## [Dataset section]

===============

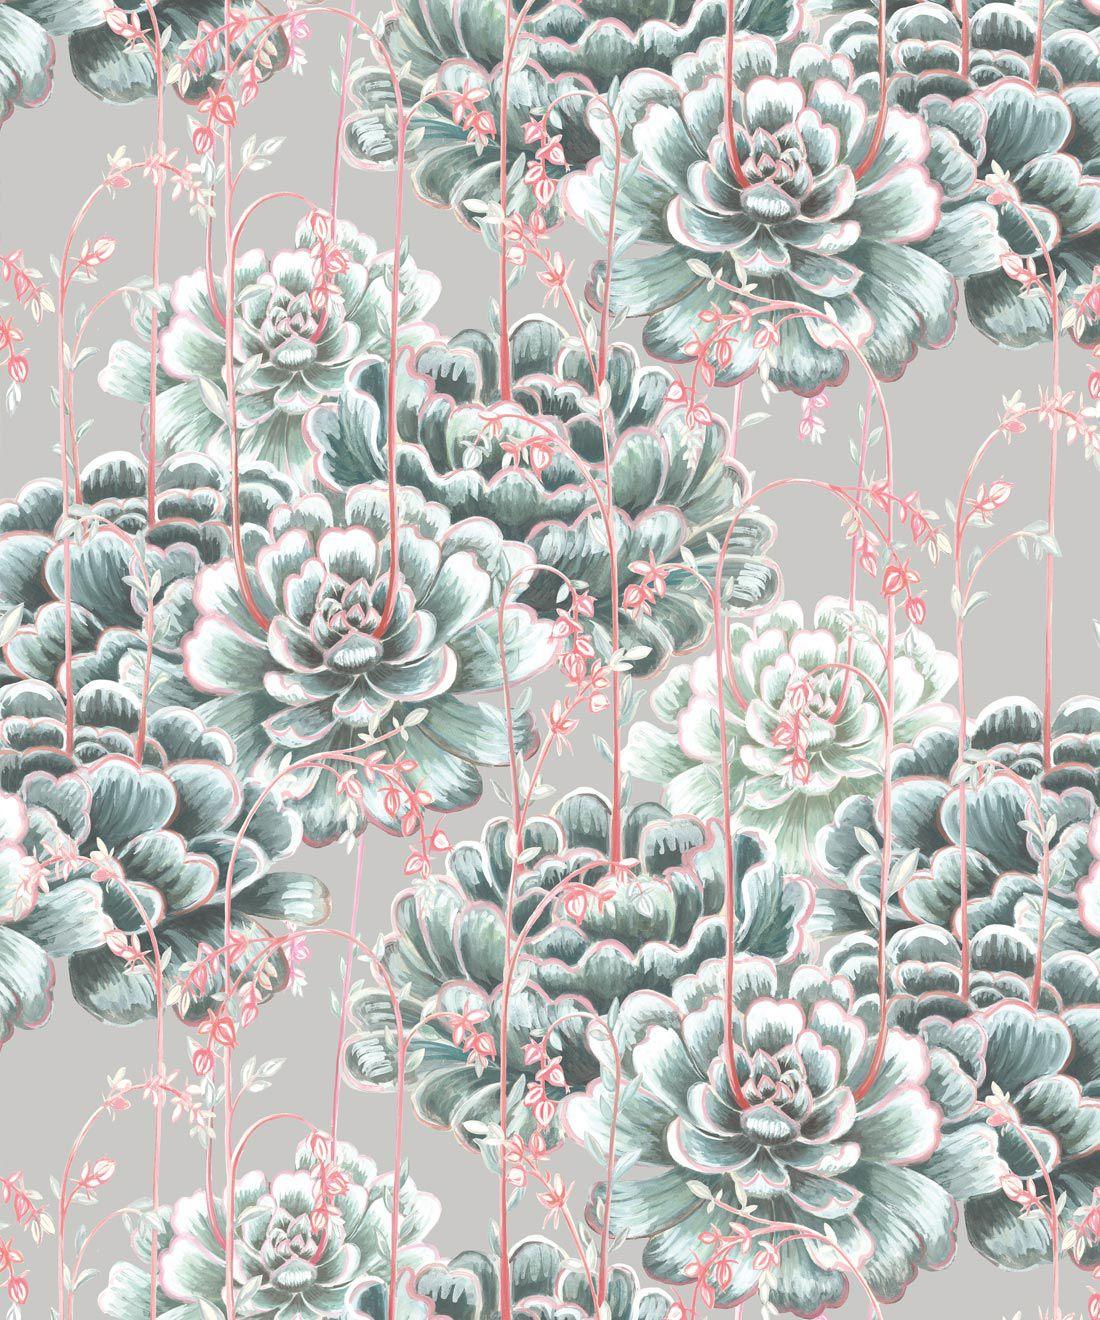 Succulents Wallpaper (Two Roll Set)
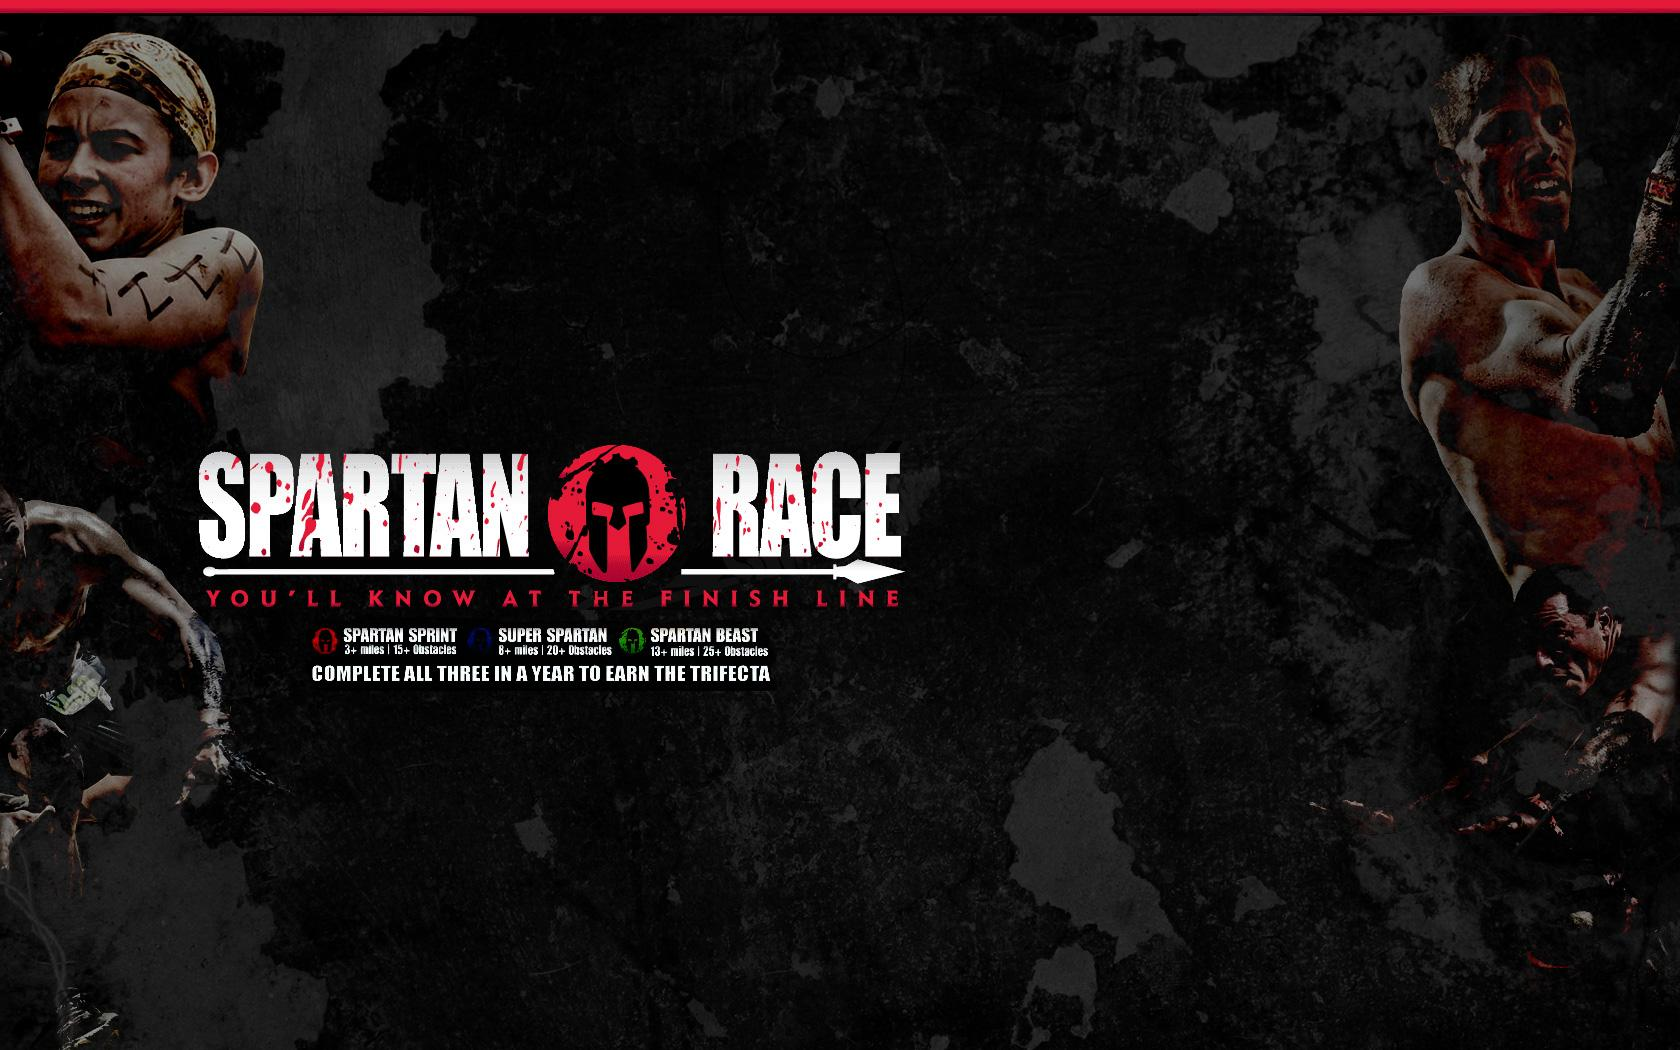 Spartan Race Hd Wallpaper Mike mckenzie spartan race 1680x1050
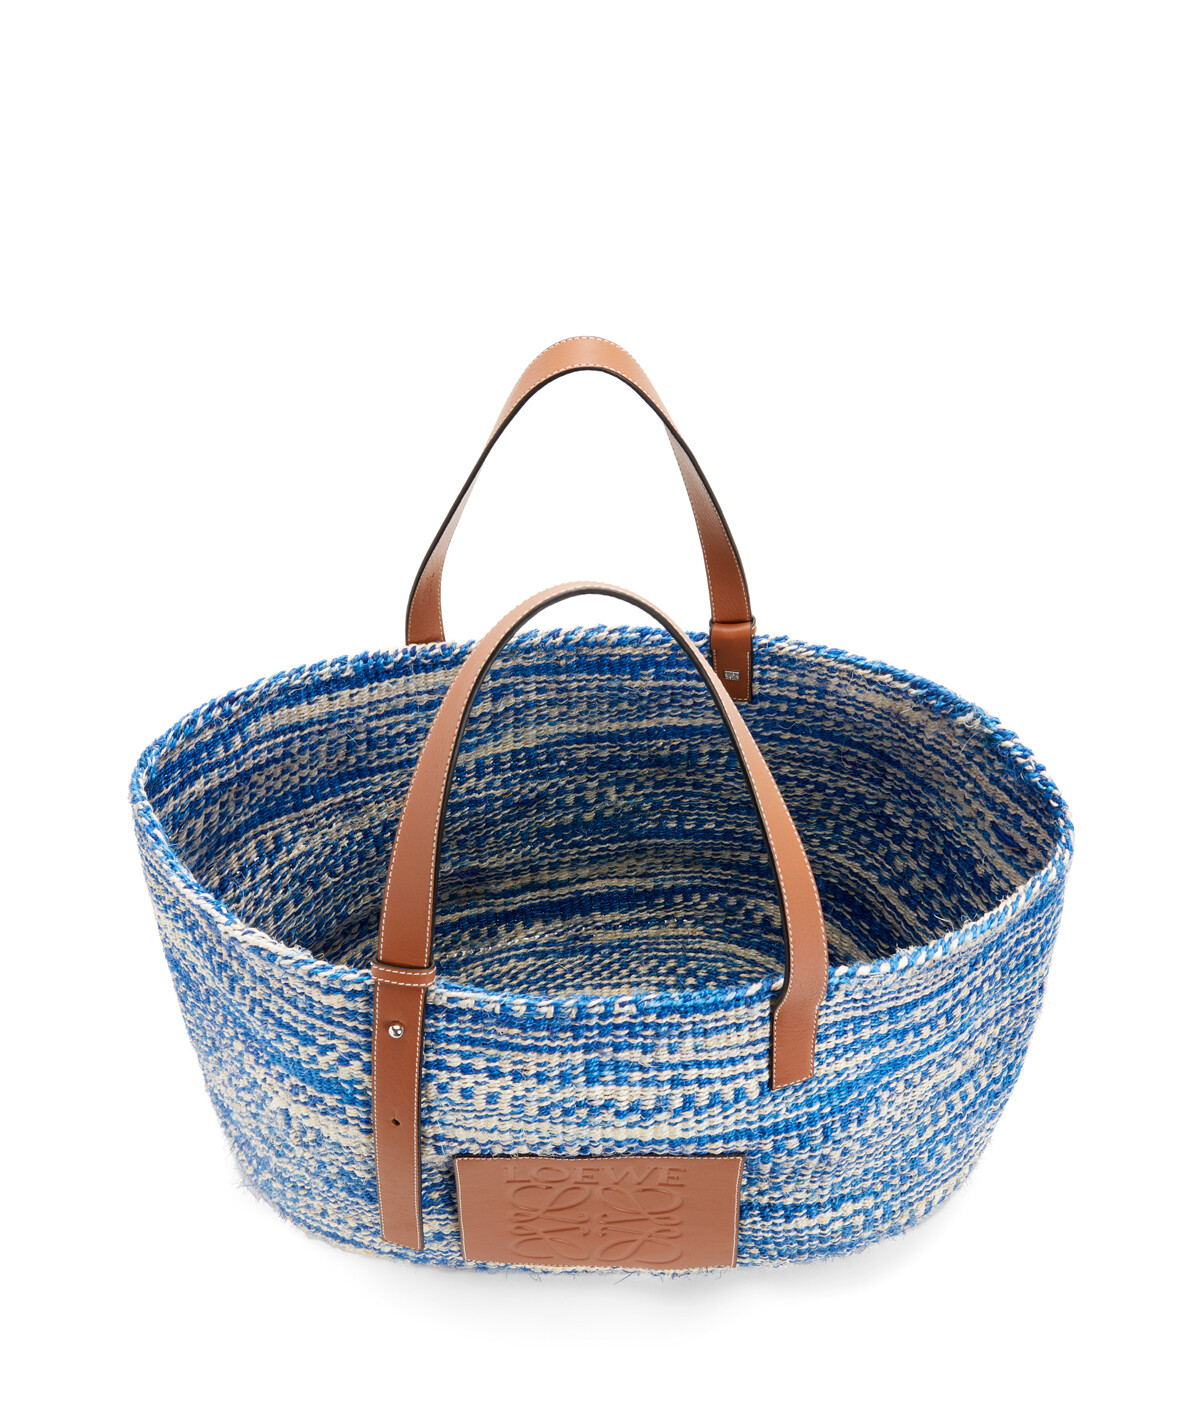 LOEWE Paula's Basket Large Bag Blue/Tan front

===============

## [What is being asked]
Give every line of the data above again as it stands; the pictures stay out.

## [Response below]
 Succulents Wallpaper (Two Roll Set)
 Spartan Race Hd Wallpaper Mike mckenzie spartan race 1680x1050
 LOEWE Paula's Basket Large Bag Blue/Tan front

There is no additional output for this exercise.